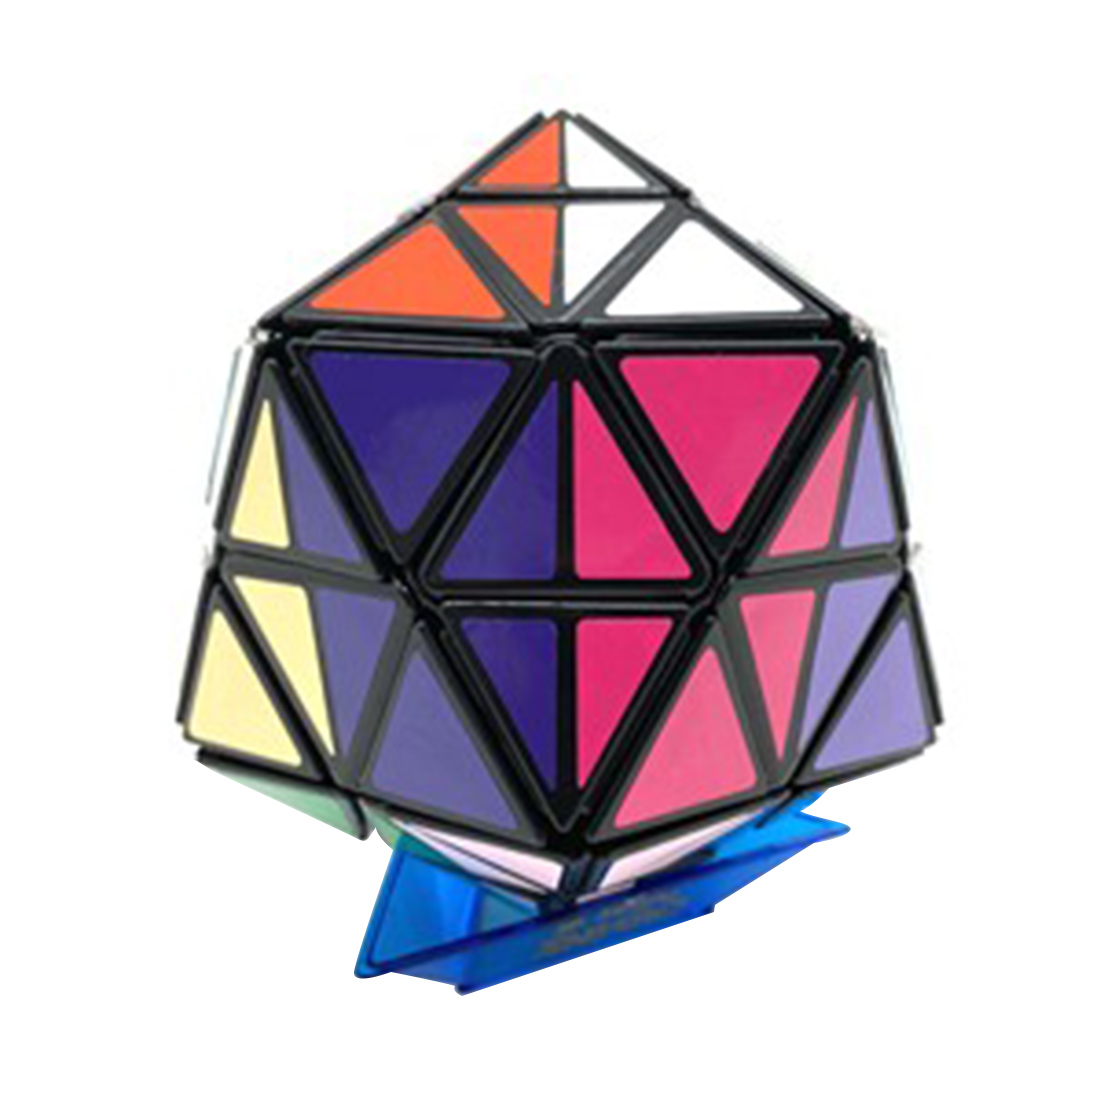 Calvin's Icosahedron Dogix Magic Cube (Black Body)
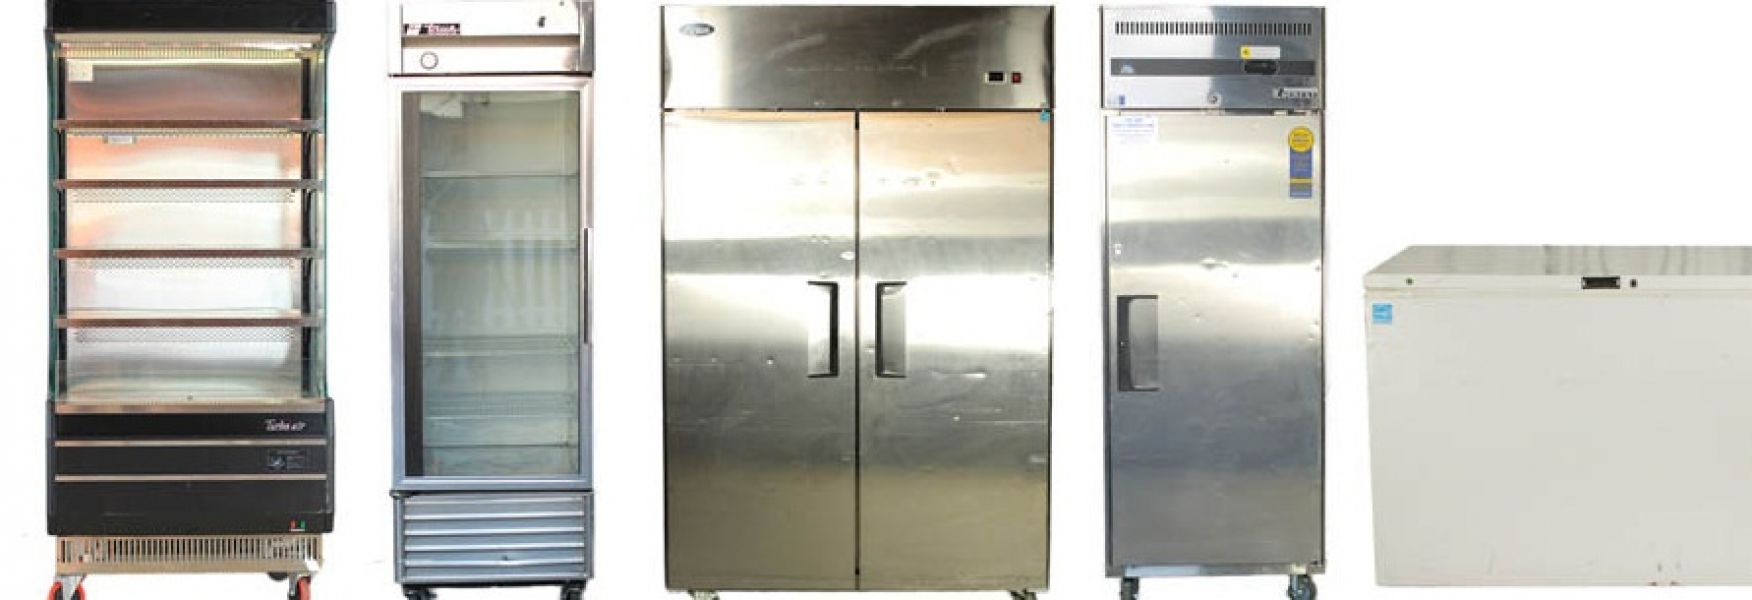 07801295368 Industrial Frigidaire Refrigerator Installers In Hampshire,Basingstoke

---

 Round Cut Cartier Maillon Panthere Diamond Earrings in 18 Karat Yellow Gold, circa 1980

--

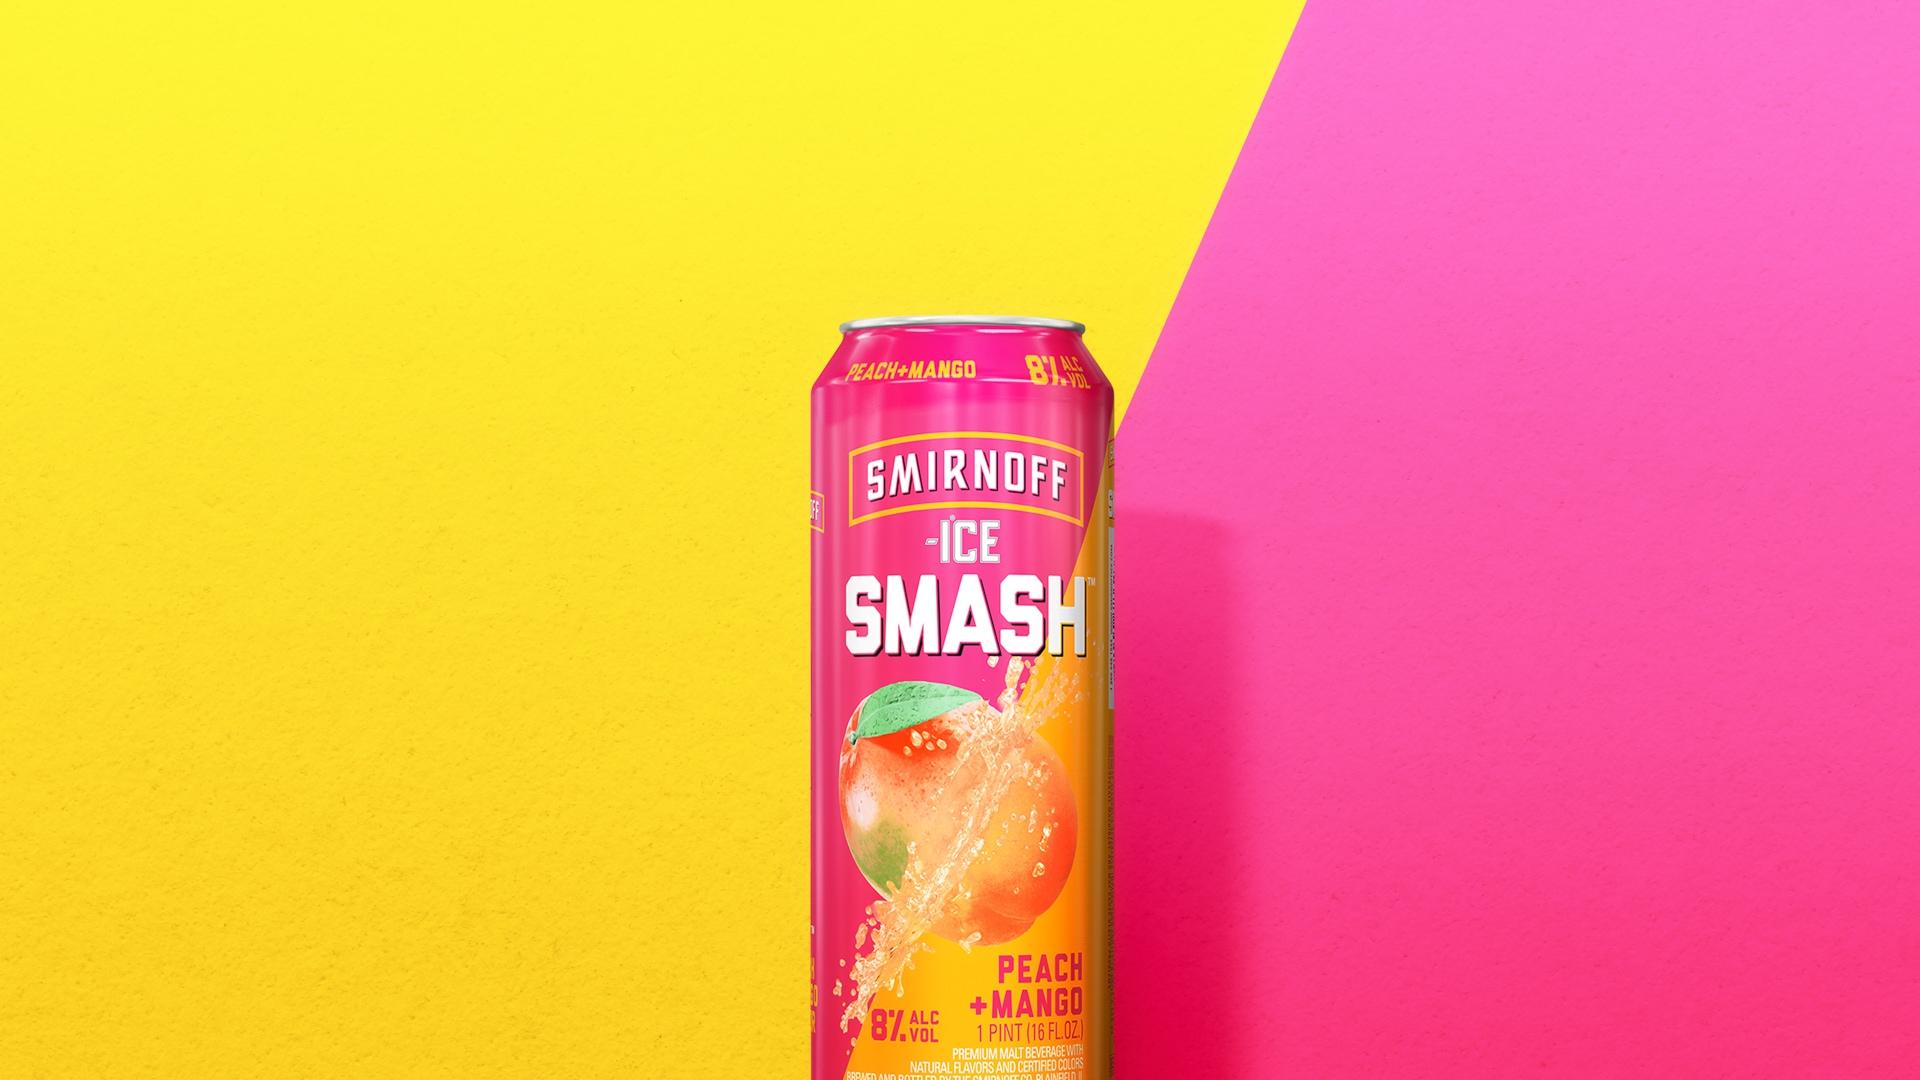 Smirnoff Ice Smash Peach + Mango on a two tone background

(DIRECTIONS FOR THIS TASK) Give again, exactly as written above, every line from the one holding "Calvin's Icosahedron Dogix" to the one holding "07801295368 Industrial Frigidaire", with both ends kept and the pictures left out.

(EXPECTED ANSWER)
 Calvin's Icosahedron Dogix Magic Cube (Black Body)
 07801295368 Industrial Frigidaire Refrigerator Installers In Hampshire,Basingstoke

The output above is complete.